Code Combat: Reference Book machine learning Combat (python).
Real gun Combat: A case study, modeling the selection of appropriate machine learning algorithms, analysis of data.
Evolution: A part of the machine learning process is implemented in Linux based on C + +. will be realized in the middle stage of learning.

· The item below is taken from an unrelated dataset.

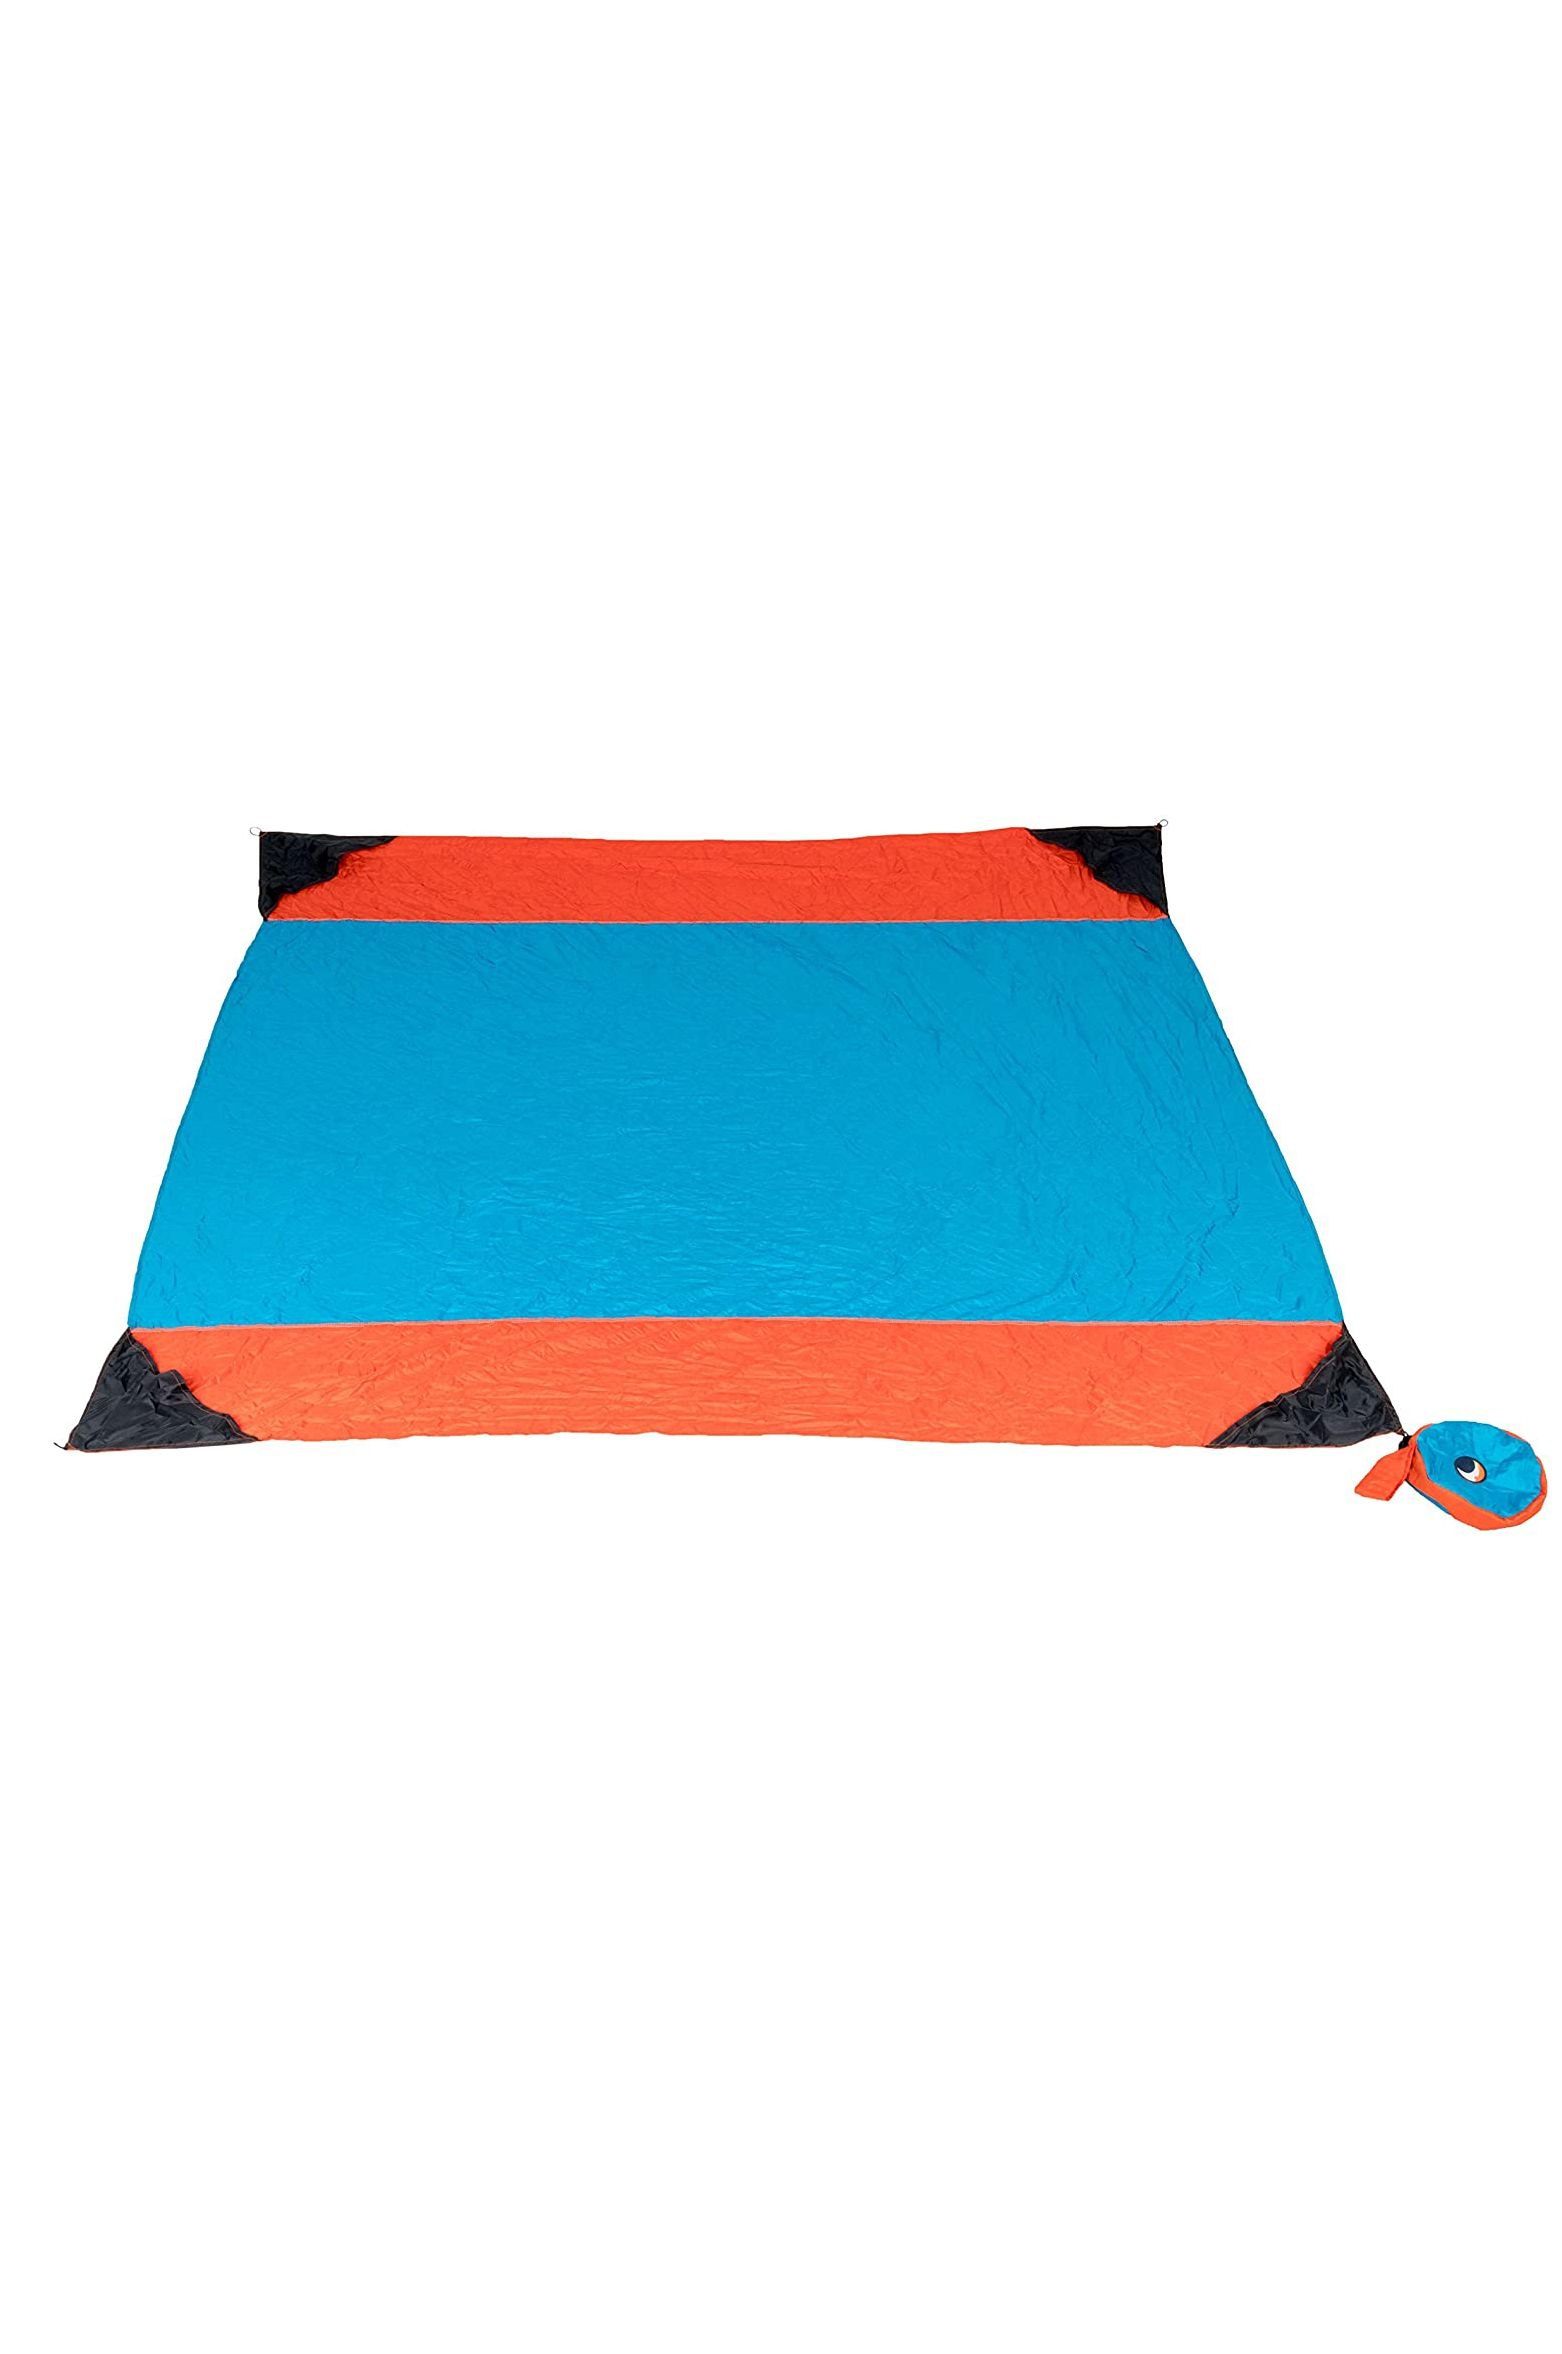 Ticket To The Moon Beach Towel BEACH BLANKET Aqua/Orange

The concept of a K nearest neighbor algorithm

The K-Nearest neighbor algorithm (KNN) belongs to a classification algorithm, which belongs to the same kind of logistic regression. It works by the existence of a set of sample data, each of which consists of a number of features and an established label corresponding to the label, which indicates which classification this sample point belongs to, if it is a simple two-tuple classification, then the label can be assumed to be 1 or 0, and so on. If you enter new data, the purpose of the algorithm is to output the label of the new data. This new data will be compared with each data in the sample set (to find the distance between two sample points), the results of the comparison from small to large, take the first k comparison results, the most frequently occurring classification is the new data classification.

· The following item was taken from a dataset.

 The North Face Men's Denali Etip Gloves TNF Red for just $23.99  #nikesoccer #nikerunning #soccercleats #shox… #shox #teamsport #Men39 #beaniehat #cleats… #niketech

Advantages and disadvantages of the nearest neighbor algorithm:

1. Advantages:

精度高,对异常值不敏感,无数据输入的假定

2. Disadvantages:

计算复杂度高,空间复杂度高。

3. Use the data range:

数值型和标称型。
Second, k nearest neighbor algorithm Simple example

Pseudo code:

1. Calculate the distance between the known point in the sample collection and the current point
2. Sort in ascending order of distance
3. Select the top K sample data that is closest to the current point in a sort
4. Calculate the number of samples per category and calculate the frequency
5. Returns the classification category of the most frequently occurring point in K points as the forecast classification for the current point.

Take a look at this simple example of how to find the Euclidean distance between two points:

 def classify0(InX, DataSet, labels, k):Datasetsize = dataset.shape[0] Diffmat = Tile (InX, (Datasetsize,1))-DataSet Sqdiffmat = diffmat**2Sqdistances = Sqdiffmat.sum (axis=1) Distances = sqdistances**0.5Sorteddistindicies = Distances.argsort () classcount={} forIinchRange (k): Voteilabel = Labels[sorteddistindicies[i]] Classcount[voteilabel] = Classcount.get (Voteilabel,0) +1Sortedclasscount = sorted (Classcount.iteritems (), Key=operator.itemgetter (1), reverse=True)returnsortedclasscount[0][0]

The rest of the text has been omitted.